Pushed back along a broad front, the Bosnian Serbs now hold about half of Bosnia and Herzegovina, 20% less than before their retreat--and the approximate share set aside for them in a proposed settlement. Why the sudden reverse after three years in which they called virtually all the shots in the war, ignored pleas for restraint and thumbed their noses at the world? What happened to the soldiers described by Serbian President Slobodan Milosevic in a recent Time interview as "no doubt the better fighters"? Was the Bosnian Serb army ever as good as it was assumed to be? Probably not.
"Maybe everyone overestimated them in the beginning," says Lewis MacKenzie, the now retired Canadian major general who commanded U.N. peacekeepers in the Sarajevo sector in 1992. Weaknesses there certainly were: lack of infantry and a reluctance to use it, overextended supply and communications lines, and poorly trained troops pressed into service. The shortcomings didn't seem to matter so long as the Bosnian Serbs' heavy weapons kept the thoroughly outgunned Bosnian government forces boxed in on the defensive.

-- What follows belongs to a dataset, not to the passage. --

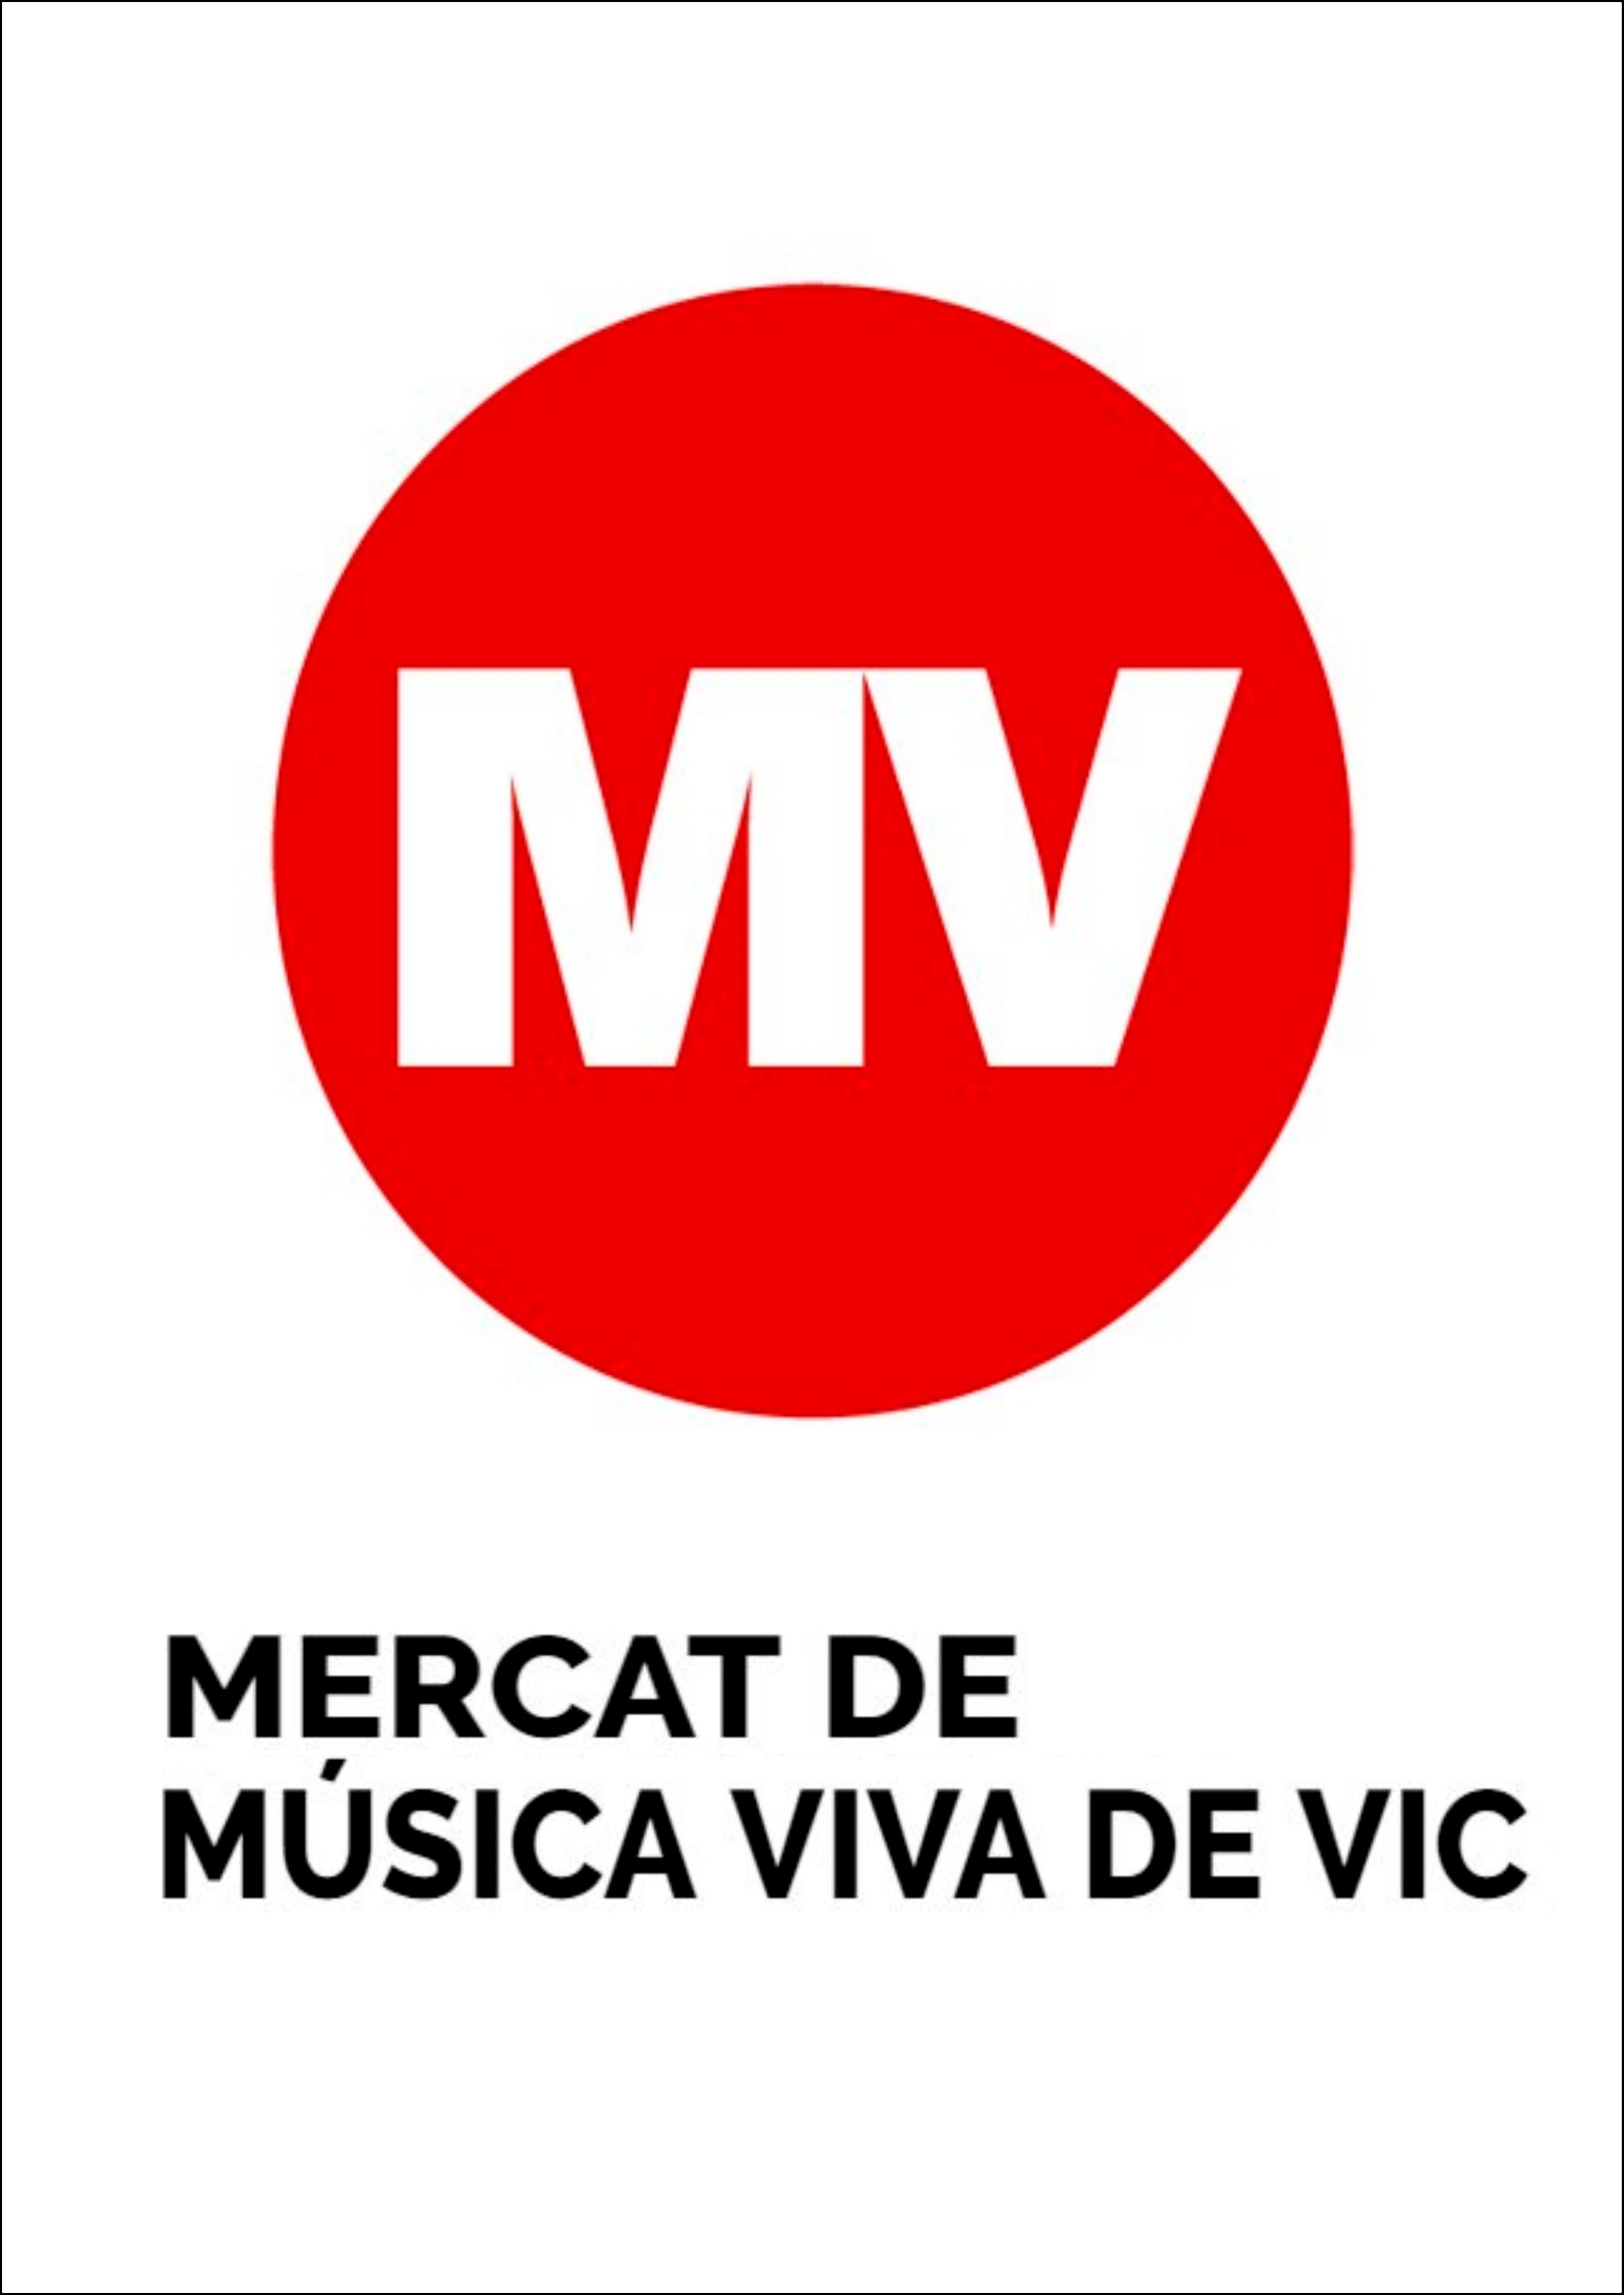 MERCAT DE MÚSICA VIVA DE VIC 2020
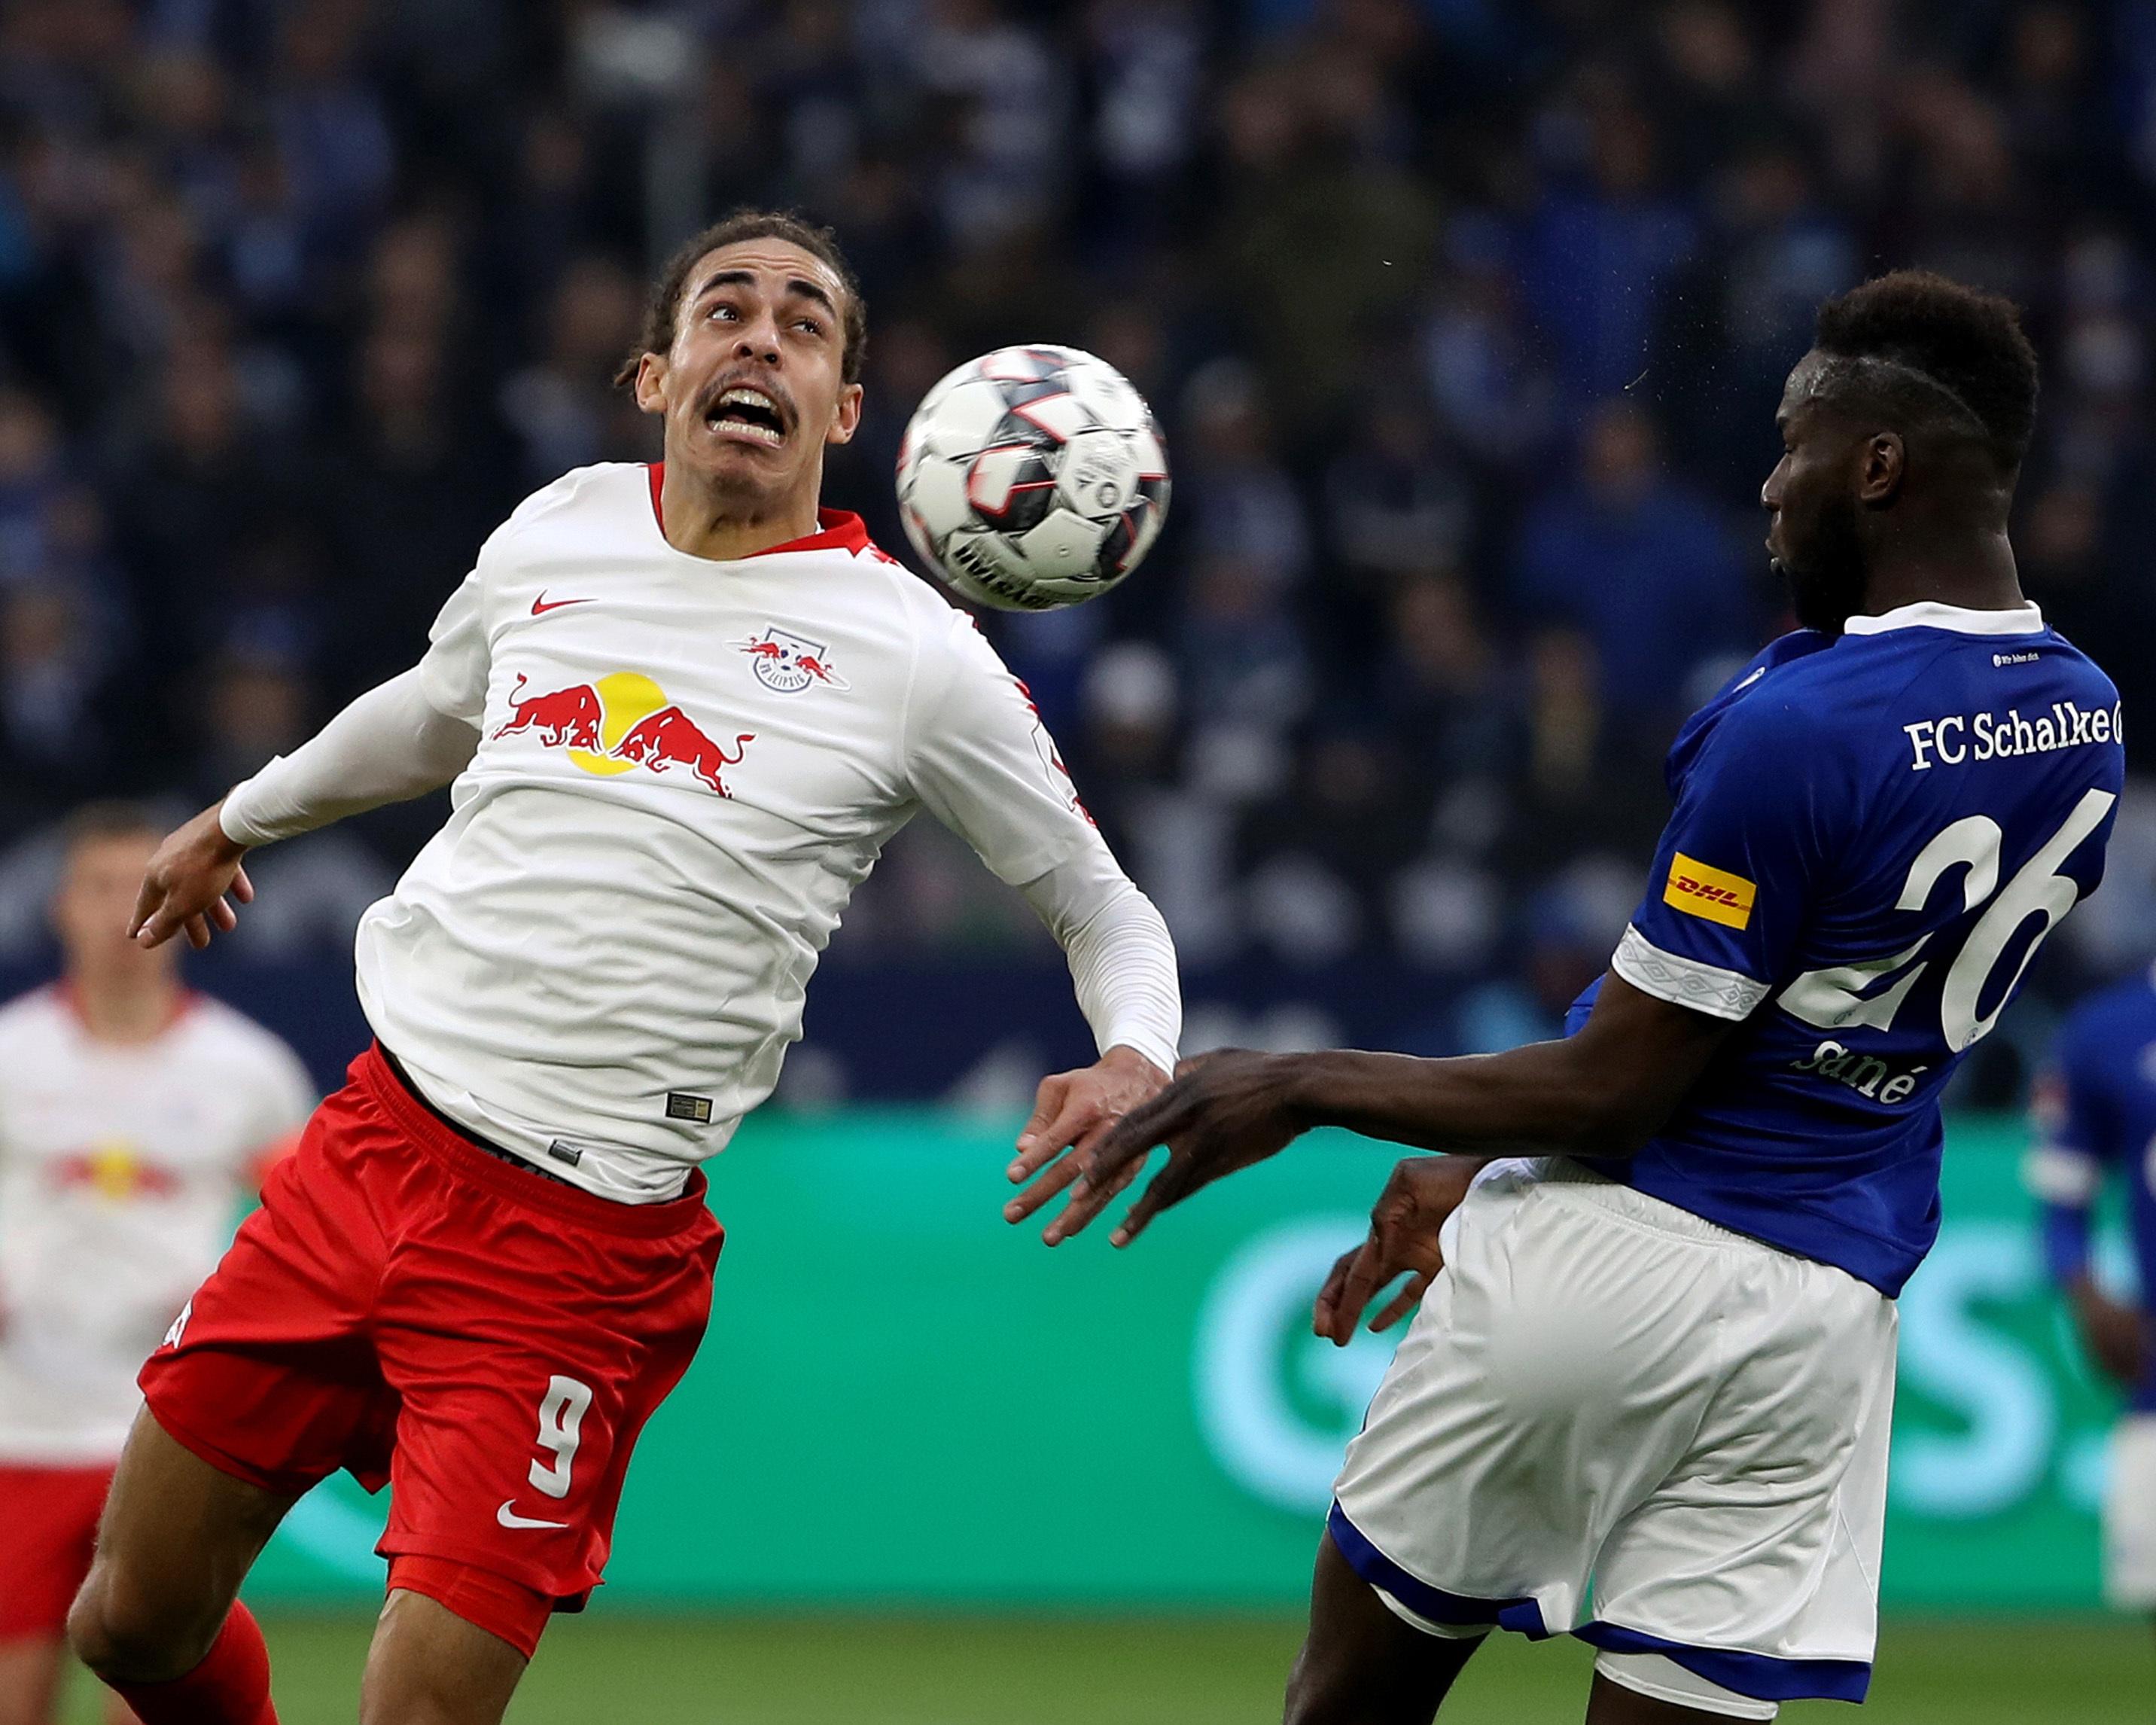 足球——德甲:莱比锡胜沙尔克04_比赛 体育新闻 第2张

Almost unnoticed, however, the deficiencies began to tell when Milosevic, looking for a negotiated solution, withheld his political and material support from the Bosnian Serbs. Military stalemate, debilitating for any army, took a toll as well: in recent months reports of war weariness, low morale and lax discipline cropped up with increasing frequency. Inept officers were drinking when they should have been training their troops, a Serb militia leader told a New York Times reporter last week; the soldiers, he said, were "too stupid to stop an attack by Boy Scouts." Stupid or shrewd, many also saw little point in fighting for territory that the negotiators might soon take from them anyway.
On top of this came NATO's air campaign against Bosnian Serb air defense installations and ammunition storage facilities. The full impact is yet to be assessed, but the targets were "severely reduced," in the U.S. Defense Department's curt reading after the bombing halt was extended indefinitely last week. Apparently crucial was a Sept. 10 strike on command-control and communications facilities around the Bosnian Serbs' stronghold of Banja Luka; several cruise missiles crippled the installations just as the Croatian-Bosnian offensive began in the northwest.